The mobile operating system must provide mutual authentication between the provisioning server and the provisioned device during a trusted over-the-air (OTA) provisioning session.

Overview

Finding ID	Version	Rule ID	IA Controls	Severity
V-32700	WIR-MOS-iOS-65-02	SV-43046r1_rule	ECWN-1	High

Description
When dealing with access restrictions pertaining to change control, it should be noted that any changes to the hardware, software, and/or firmware components of the information system can potentially have significant effects on the overall security of the system.

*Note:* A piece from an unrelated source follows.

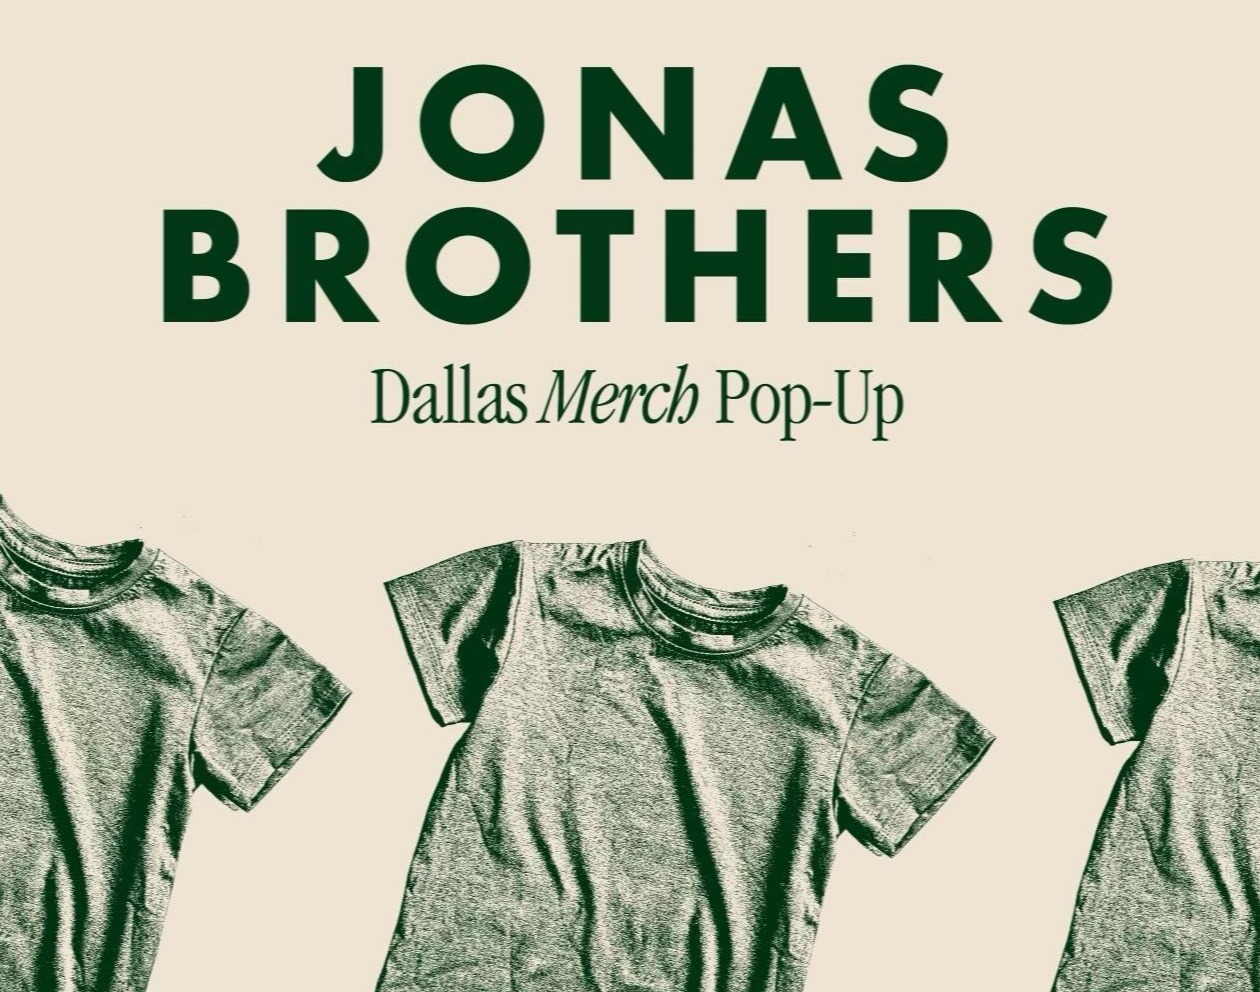 Centre Bishop Arts to Host Exclusive Jonas Brothers Merch Pop-Up Event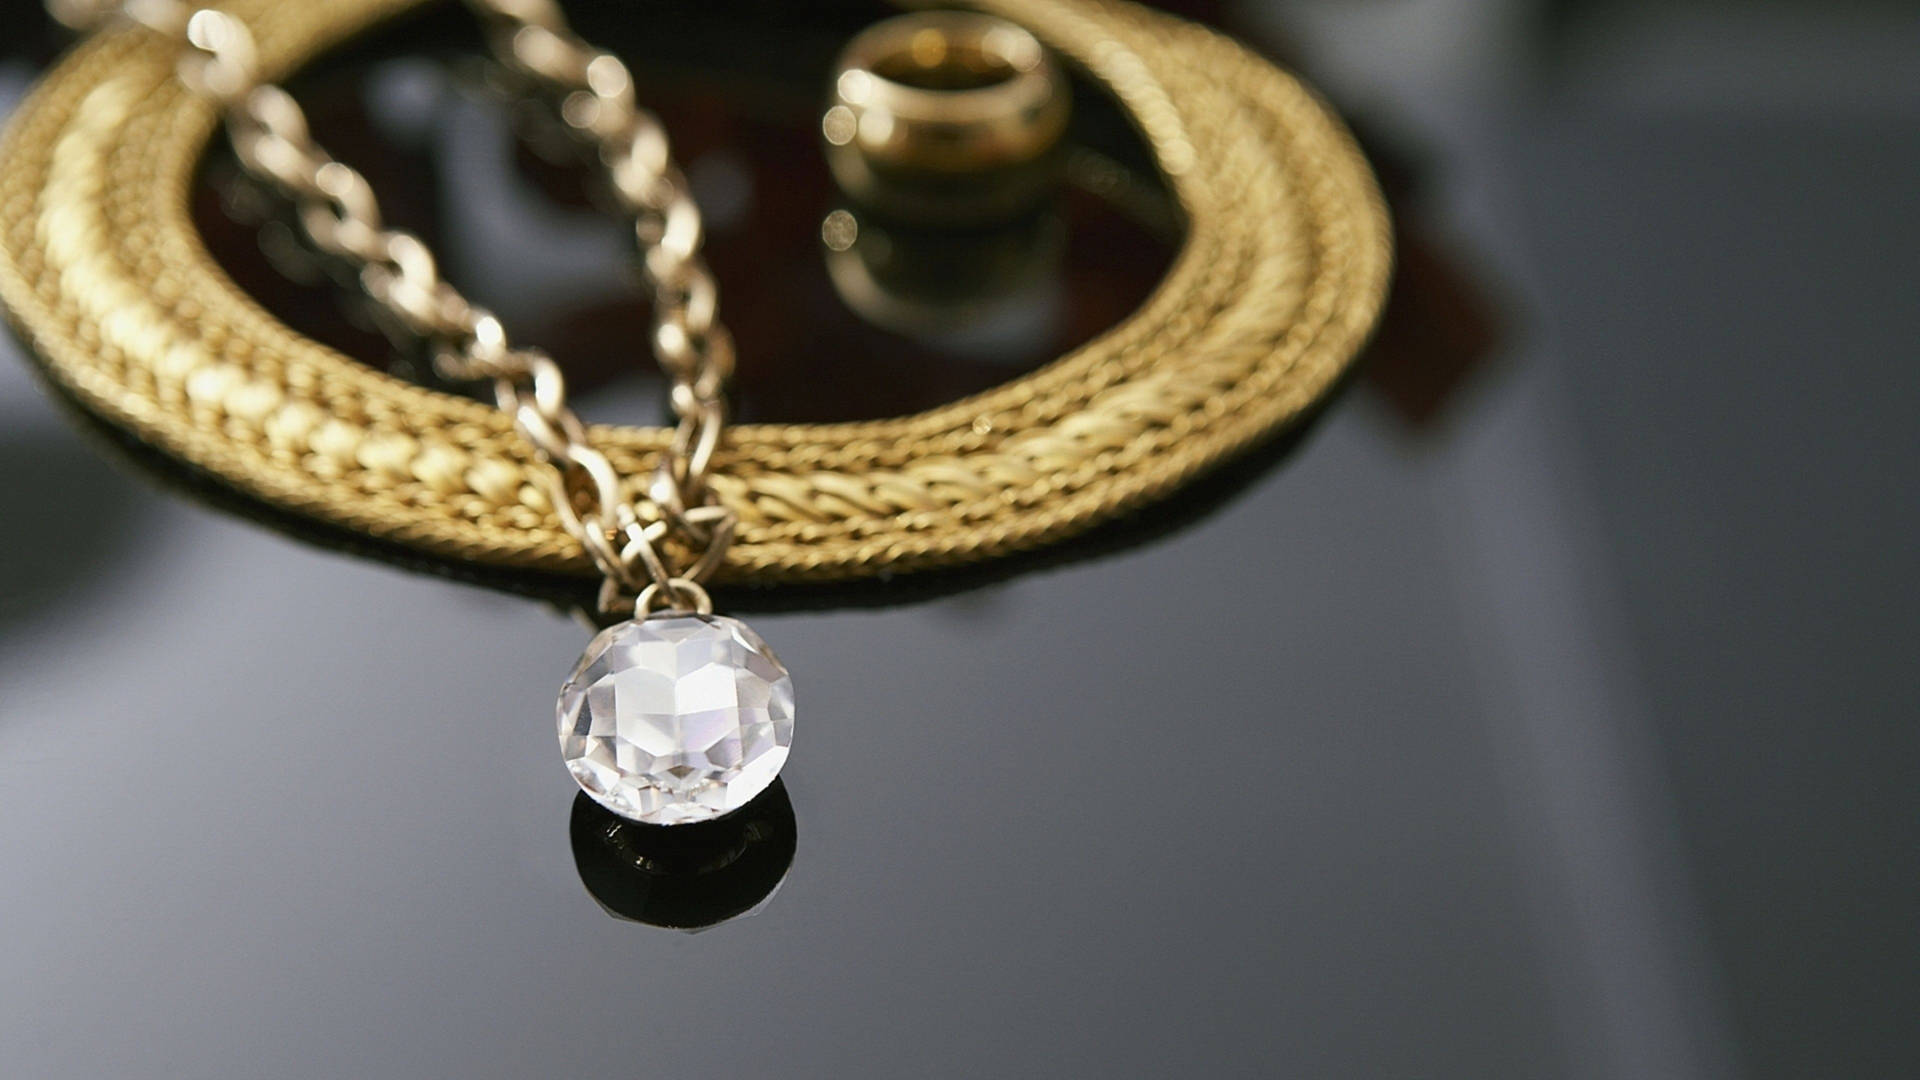 Jewelry Necklace With Diamond Pendant Background

Mutual authentication ensures both that the device is authorized for provisioning and that a rogue provisioning server is not used to obtain software.

Description

When dealing with access restrictions pertaining to change control, it should be noted that any changes to the hardware, software, and/or firmware components of the information system can potentially have significant effects on the overall security of the system. Mutual authentication ensures both that the device is authorized for provisioning and that a rogue provisioning server is not used to obtain software.

STIG	Date
Apple iOS 5 Security Technical Implementation Guide (STIG)	2012-07-20

Details

Check Text ( C-41063r1_chk )
Review the loading process to determine if it meets the necessary assurance for mutual authentication. If the trusted loading process does not meet the criteria, this is a finding.

Fix Text (F-36598r1_fix)
Configure the operating system to authenticate the provisioning server prior to accepting provisioned software.